La niña corre un poco y se pone a su lado. Él la mira y sonríe, una sonrisa apenas perceptible por la barba encanecida que cubre su cara. La niebla verdosa les rodea como un vapor mortal, condensa el aire y hace del caminar una necesidad vital; no pueden dejar de moverse, deben permitir que su cuerpo se llene del vapor mortal para caminar y llegar a allí adonde se dirigen, a ninguna parte.

—¿Quién me puso ese nombre?

El muchacho agarra una de las mangas vacías de la niña y la lleva a su lado.

—Te lo puse yo.

—¿Tengo cara de Amelia?

—A mí me lo parece, ¿a ti no?

—Sí, bastante. —La niña sonríe con gracia y los ojos se le llenan de la alegría propia de una criatura inocente.
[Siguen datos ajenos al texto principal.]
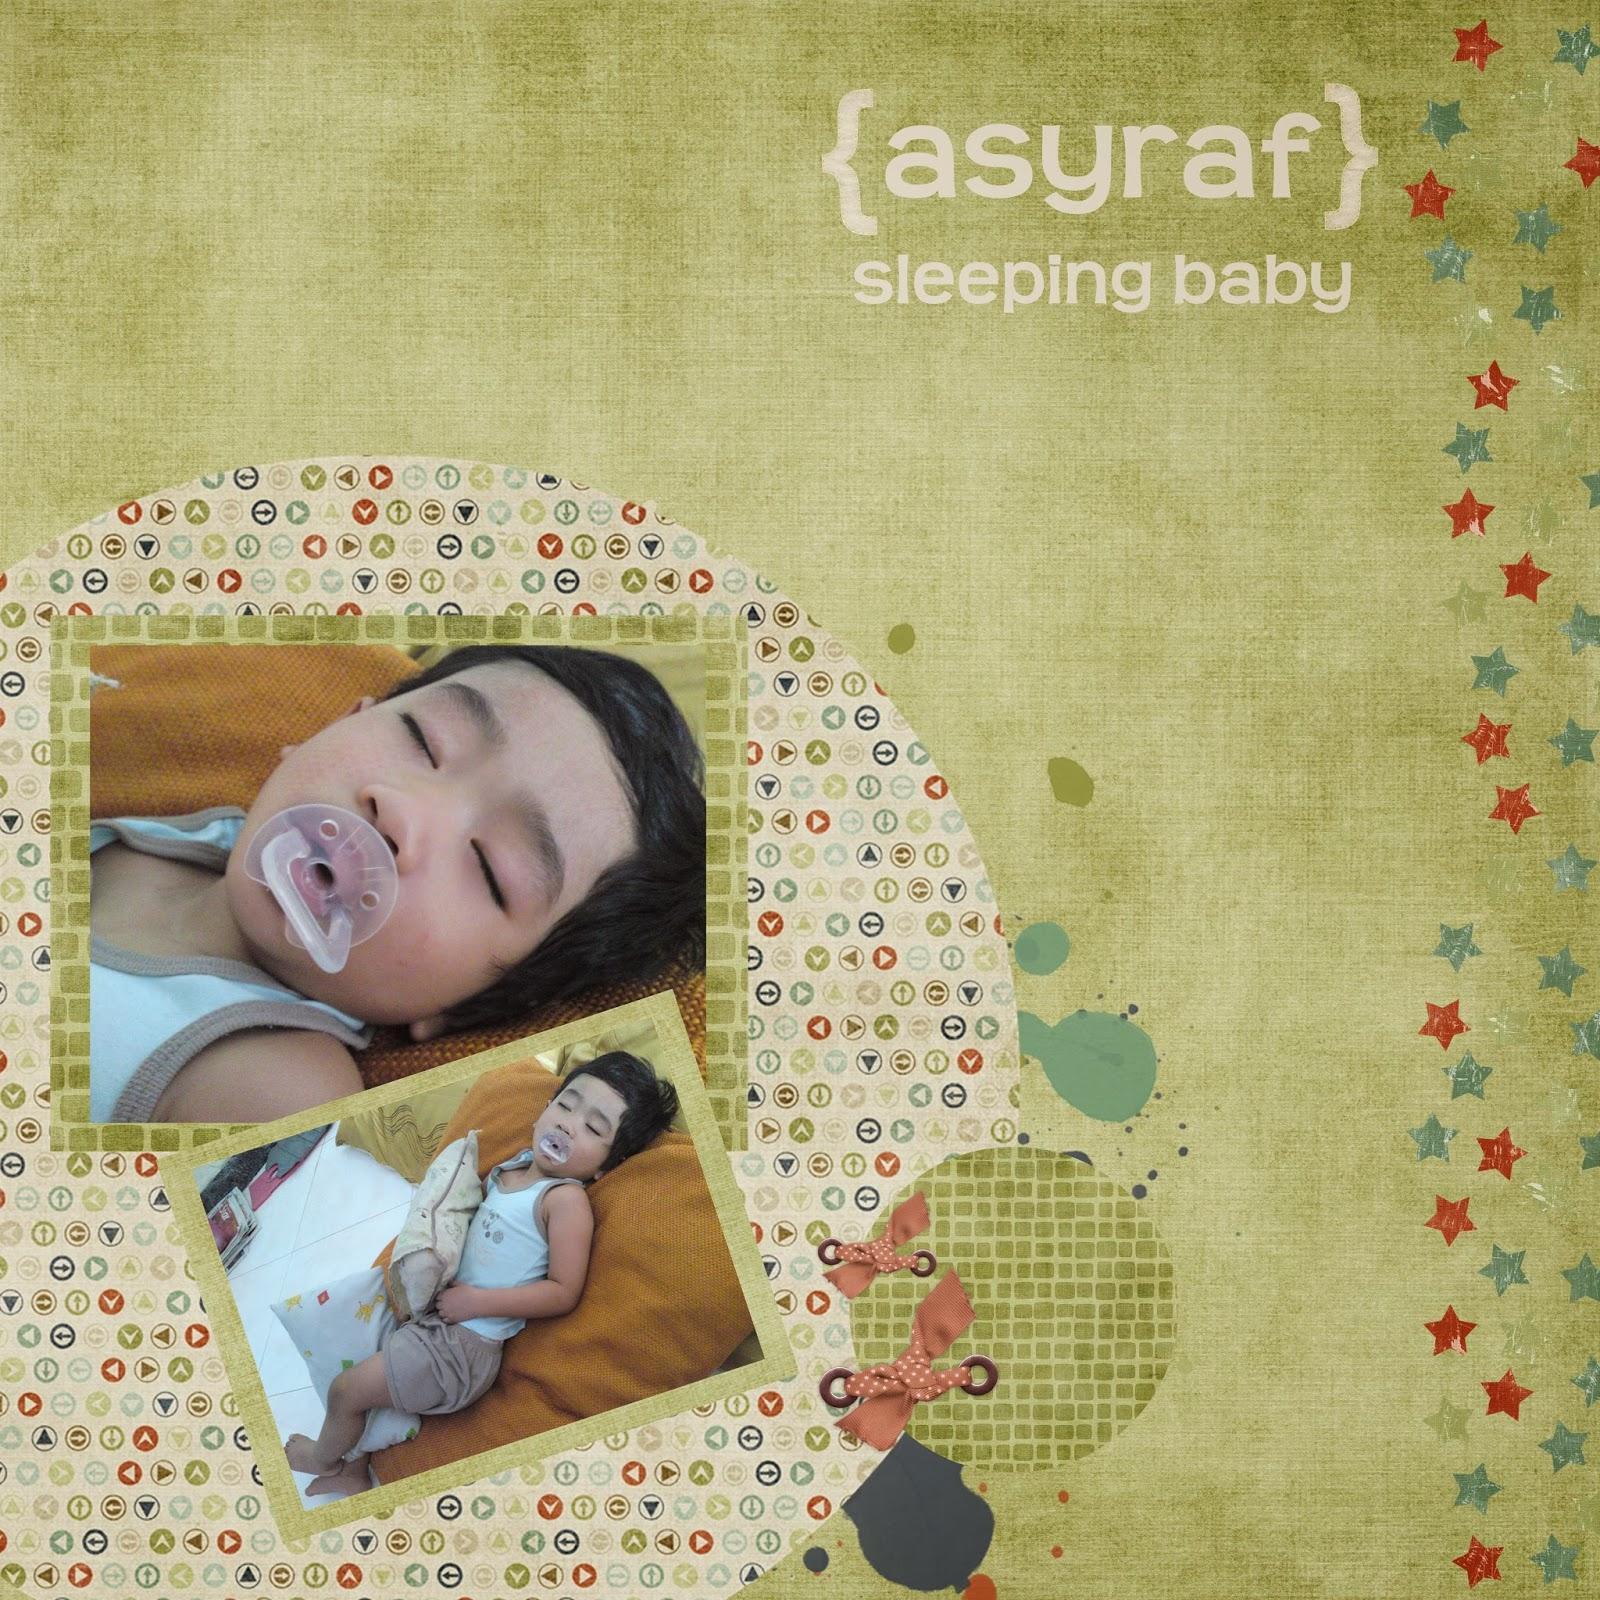 Asyraf tidur dengan nyenyaknya

Habían tardado casi un año en llegar por el canal de la Mancha, que, aunque estaba medio derruido, todavía comunicaba Inglaterra con el viejo continente europeo. Cruzarlo andando fue toda una proeza, pero no era imposible cruzar el océano con Amelia en brazos. Una vez llegaron, encontraron más de lo mismo: desierto allá donde miraban. Las explosiones habían sido más numerosas y devastadoras y los vapores campaban a sus anchas en el aire. Algunas ciudades aún se resistían a ser borradas por completo del mapa y los edificios más antiguos de la historia se mantenían casi en pie. Los rascacielos habían sido los primeros en venirse abajo.

—¿Dónde estamos, Luis?

—En algún lugar de España.

—¿Y por qué hemos venido aquí?

—Porque aquí nací y me crie yo.

—¿Veremos tu casa?

—No lo sé. Tal vez sí.

Por lo menos, el ambiente es mucho mejor que en el norte. El poco calor que aún queda en el planeta se concentra en la península. Amelia se quita uno de los abrigos que tiene puestos tirando de él con la boca. Aunque sabe que puede hacerlo sola, Luis se acerca para ayudarla. Sabe que ella es mucho más fuerte de lo que parece, mucho más que él. Luis piensa que en los tiempos que corren se necesita más gente como Amelia.

La tierra árida y gris da paso a los escombros de lo que una vez fue asfalto. Luis levanta la vista y ve una extraña forma en la lejanía, como un monolito que se levanta en el horizonte. Es un edificio que alguna vez fue blanco e imponente y que ahora se contorsiona sobre sus cimientos aguantando un peso invisible que cae del cielo y le hace doblarse.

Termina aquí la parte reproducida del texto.